TorchAO is a PyTorch-native model optimization framework leveraging quantization and sparsity to provide an end-to-end, training-to-serving workflow for AI models. TorchAO works out-of-the-box with torch.compile() and FSDP2 across most HuggingFace PyTorch models. Key features include:

• Float8 training and inference for speedups without compromising accuracy
• MX training and inference, provides MX tensor formats based on native PyTorch MX dtypes (prototype)
• Quantization-Aware Training (QAT) for mitigating quantization degradation
• Post-Training Quantization (PTQ) for int4, int8, fp6 etc, with matching kernels targeting a variety of backends including CUDA, ARM CPU, and XNNPACK
• Sparsity, includes different techniques such as 2:4 sparsity and block sparsity

Check out our docs for more details!

From the team that brought you the fast series:

• 9.5x inference speedups for Image segmentation models with sam-fast
• 10x inference speedups for Language models with gpt-fast
• 3x inference speedup for Diffusion models with sd-fast (new: flux-fast)
• 2.7x inference speedup for FAIR’s Seamless M4T-v2 model with seamlessv2-fast

First, install TorchAO. We recommend installing the latest stable version:

Quantize your model weights to int4!

from torchao.quantization import Int4WeightOnlyConfig, quantize_
quantize_(model, Int4WeightOnlyConfig(group_size=32))

Compared to a torch.compiled bf16 baseline, your quantized model should be significantly smaller and faster on a single A100 GPU:

int4 model size: 1.25 MB
bfloat16 model size: 4.00 MB
compression ratio: 3.2

bf16 mean time: 30.393 ms
int4 mean time: 4.410 ms
speedup: 6.9x

For the full model setup and benchmark details, check out our quick start guide. Alternatively, try quantizing your favorite model using our HuggingFace space!

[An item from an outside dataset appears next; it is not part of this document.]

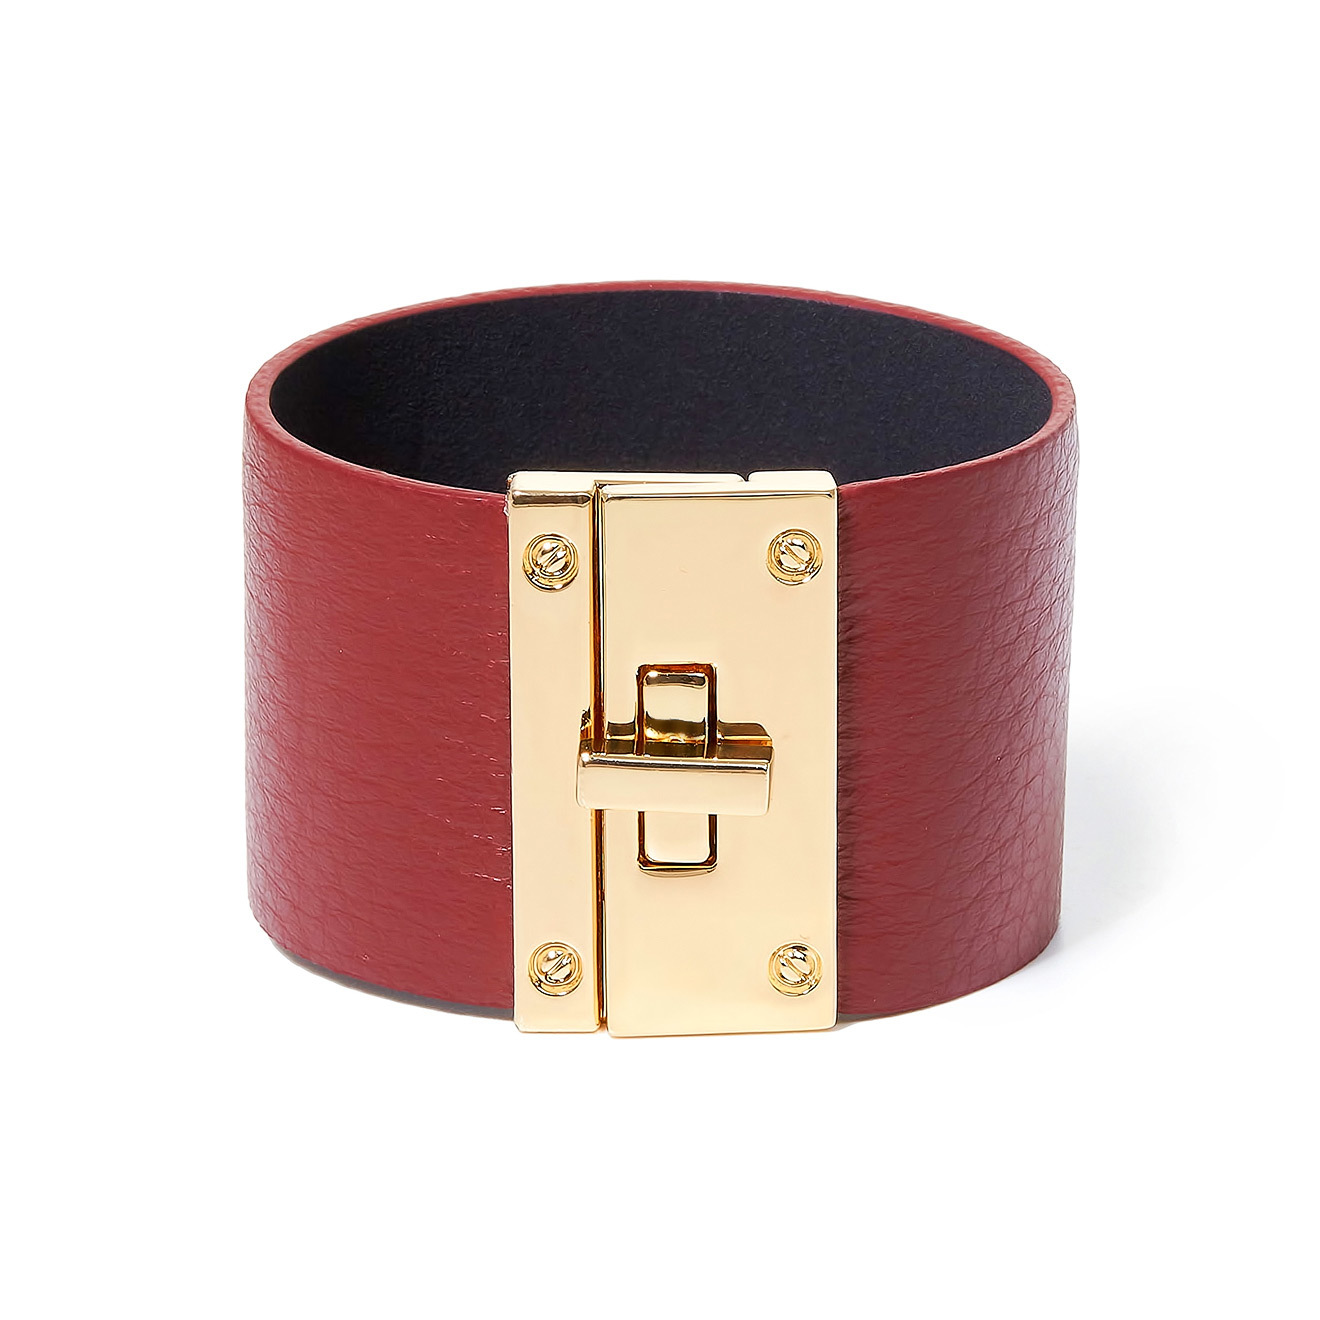 Tannum Бордовый кожаный браслет с металлическим замком tannum бежевый кожаный браслет с золотистым квадратом

To install the latest stable version:

# Nightly
pip install --pre torchao --index-url https://download.pytorch.org/whl/nightly/cu126

# Different CUDA versions
pip install torchao --index-url https://download.pytorch.org/whl/cu126  # CUDA 12.6
pip install torchao --index-url https://download.pytorch.org/whl/cpu    # CPU only

# For developers
USE_CUDA=1 python setup.py develop
USE_CPP=0 python setup.py develop

TorchAO is integrated into some of the leading open-source libraries including:

• HuggingFace transformers with a builtin inference backend and low bit optimizers
• HuggingFace diffusers best practices with torch.compile and TorchAO in a standalone repo diffusers-torchao
• HuggingFace PEFT for LoRA using TorchAO as their quantization backend
• Mobius HQQ backend leveraged our int4 kernels to get 195 tok/s on a 4090
• TorchTune for our NF4 QLoRA, QAT, and float8 quantized fine-tuning recipes
• TorchTitan for float8 pre-training
• VLLM for LLM serving: usage, detailed docs
• SGLang for LLM serving: usage and the major PR.
• Axolotl for QAT and PTQ

TorchAO delivers substantial performance gains with minimal code changes:

• Int4 weight-only: 1.89x throughput with 58.1% less memory on Llama-3-8B
• Float8 dynamic quantization: 1.54x and 1.27x speedup on Flux.1-Dev* and CogVideoX-5b respectively on H100 with preserved quality
• Int4 + 2:4 Sparsity: 2.37x throughput with 67.7% memory reduction on Llama-3-8B

Quantize any model with nn.Linear layers in just one line (Option 1), or load the quantized model directly from HuggingFace using our integration with HuggingFace transformers (Option 2):

from torchao.quantization.quant_api import quantize_, Int4WeightOnlyConfig
quantize_(model, Int4WeightOnlyConfig(group_size=128, use_hqq=True))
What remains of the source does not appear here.